Waiting for it.

Living in Carbondale, there was no getting around meeting up with Lillian Adams, who just died at age 96. She was a fixture, an icon, and a protector of the weak in the region for six decades. Lillian was an activist in various causes for human rights and social restructuring starting way back in the 1930s. She never let up. She was always a protector of the powerless everywhere, any way that she could.

Like many, Lillian seemed to have stretched her life to witness certain milestones. Several studies have documented the fragmented nature of the timing of death around holidays, birthdays, and other special events. She really wanted to see Barak Obama inaugurated as President of the United States. And, she did.


From the So. Ill:

“Lillian Adams’ voice has been stilled.

Adams, 96, died Saturday at her Carbondale home after a remarkable life as an activist for social justice, peace, civil liberties and women’s rights, to name just a few of the causes she embraced.

Though in failing health, Adams insisted on watching TV coverage of President Barack Obama’s inauguration last Tuesday.
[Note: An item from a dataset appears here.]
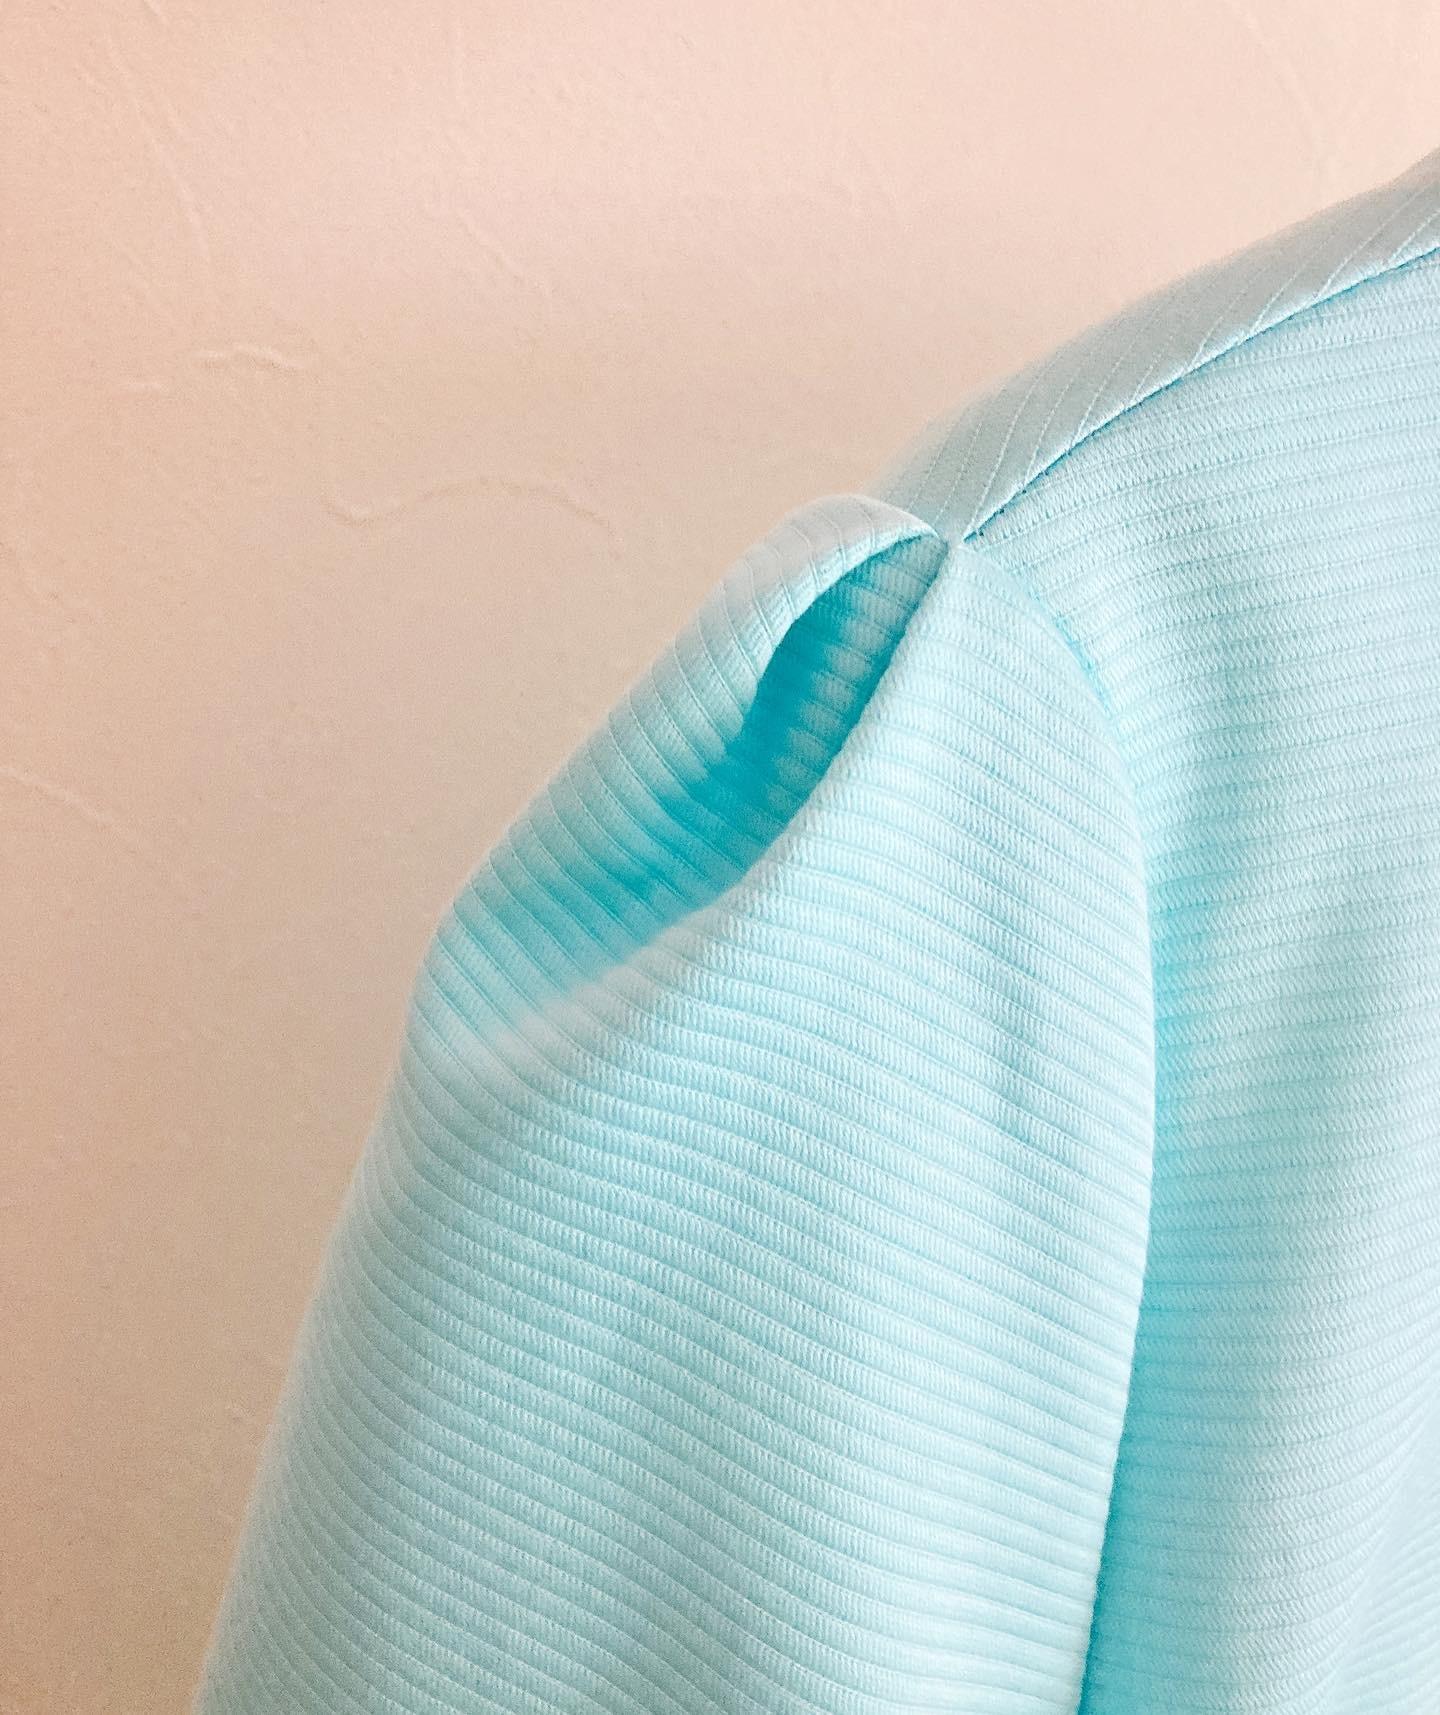 袖にタックの入ったウエスト切り替えワンピース (フルオーダー)_b0199696_13453769.jpg

Family said she repeatedly whispered, “Astonishing, astonishing” at seeing Obama, the man she had supported since his first campaign for the U.S. Senate, sworn in as president.

A search of The Southern’s archives reveals letters from Lillian Adams on dozens of issues. Her first Letter to the Editor, written shortly after World War II ended, upheld the right of a communist speaker to speak on the steps of the Murphysboro courthouse.